Reaction pathways and Sb(III) minerals formation during the reduction of Sb(V) by Rhodoferax ferrireducens strain YZ-1

Yidan Zhang, Maxim I. Boyanov, Edward J. O'Loughlin, Kenneth M. Kemner, Robert A. Sanford, Han Suk Kim, Soo Chan Park, Man Jae Kwon

Research output: Contribution to journalArticlepeer-review


Antimony (Sb), a non-essential metalloid, can be released into the environment through various industrial activities. Sb(III) is considered more toxic than Sb(V), but Sb(III) can be immobilized through the precipitation of insoluble Sb2S3 or Sb2O3. In the subsurface, Sb redox chemistry is largely controlled by microorganisms; however, the exact mechanisms of Sb(V) reduction to Sb(III) are still unclear.

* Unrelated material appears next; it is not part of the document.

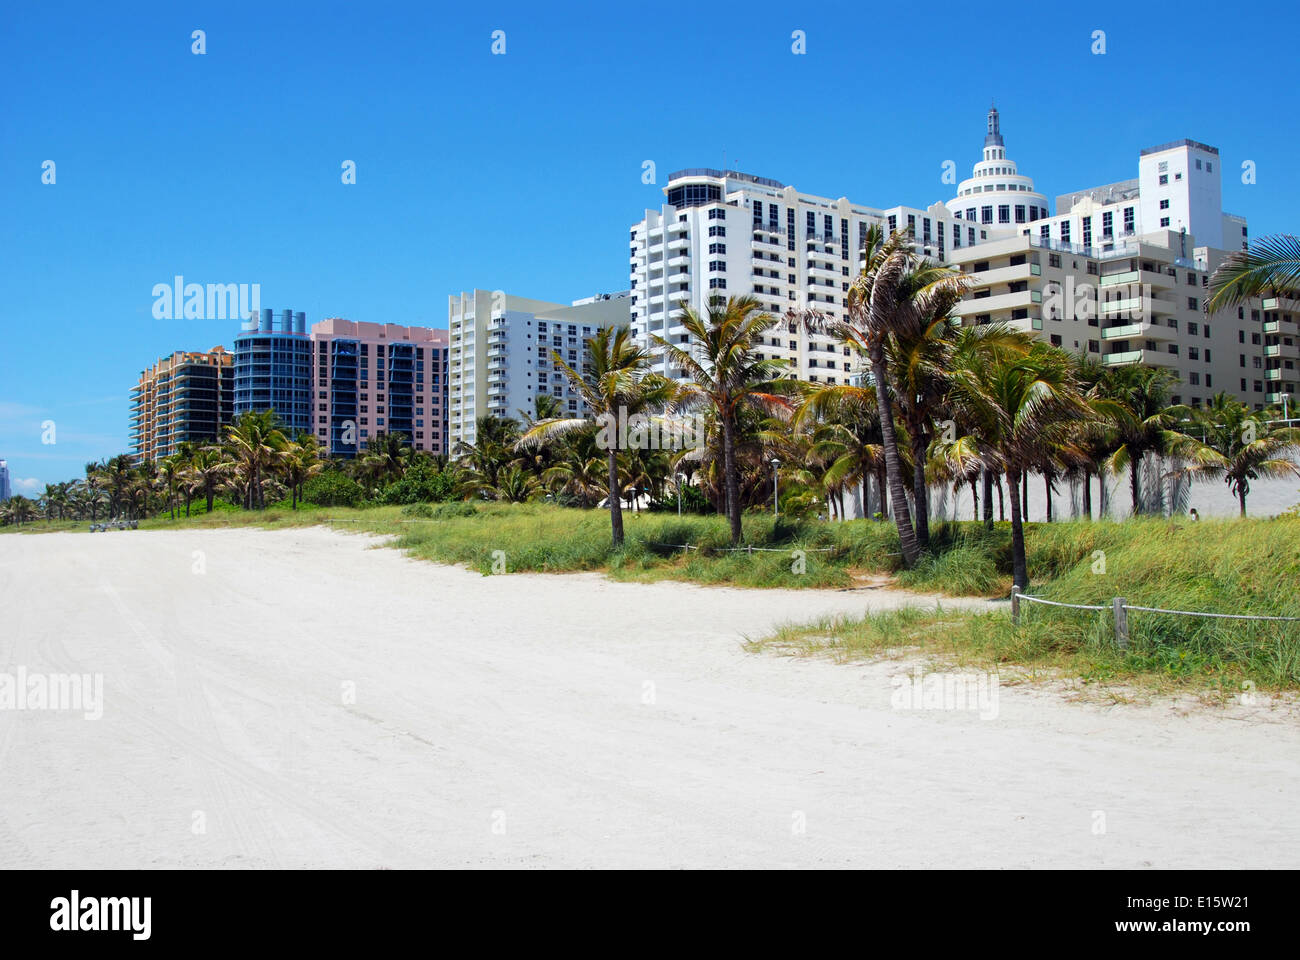 Hotels along the sandy beach at Miami Beach, Florida Stock Photo

In this study, a new strain of Sb(V)-reducing bacterium, designated as strain YZ-1, that can respire Sb(V) as a terminal electron acceptor was isolated from Sb-contaminated soils. 16S-rRNA gene sequencing of YZ-1 revealed high similarity to a known Fe(III)-reducer, Rhodoferax ferrireducens. XRD and XAFS analyses revealed that bioreduction of Sb(V) to Sb(III) proceed through a transition from amorphous valentinite to crystalline senarmontite (allotropes of Sb2O3). Genomic DNA sequencing found that YZ-1 possesses arsenic (As) metabolism genes, including As(V) reductase arsC. The qPCR analysis showed that arsC was highly expressed during Sb(V)-reduction by YZ-1, and thus is proposed as the potential Sb(V) reductase in YZ-1. This study provides new insight into the pathways and products of microbial Sb(V) reduction and demonstrates the potential of a newly isolated bacterium for Sb bioremediation.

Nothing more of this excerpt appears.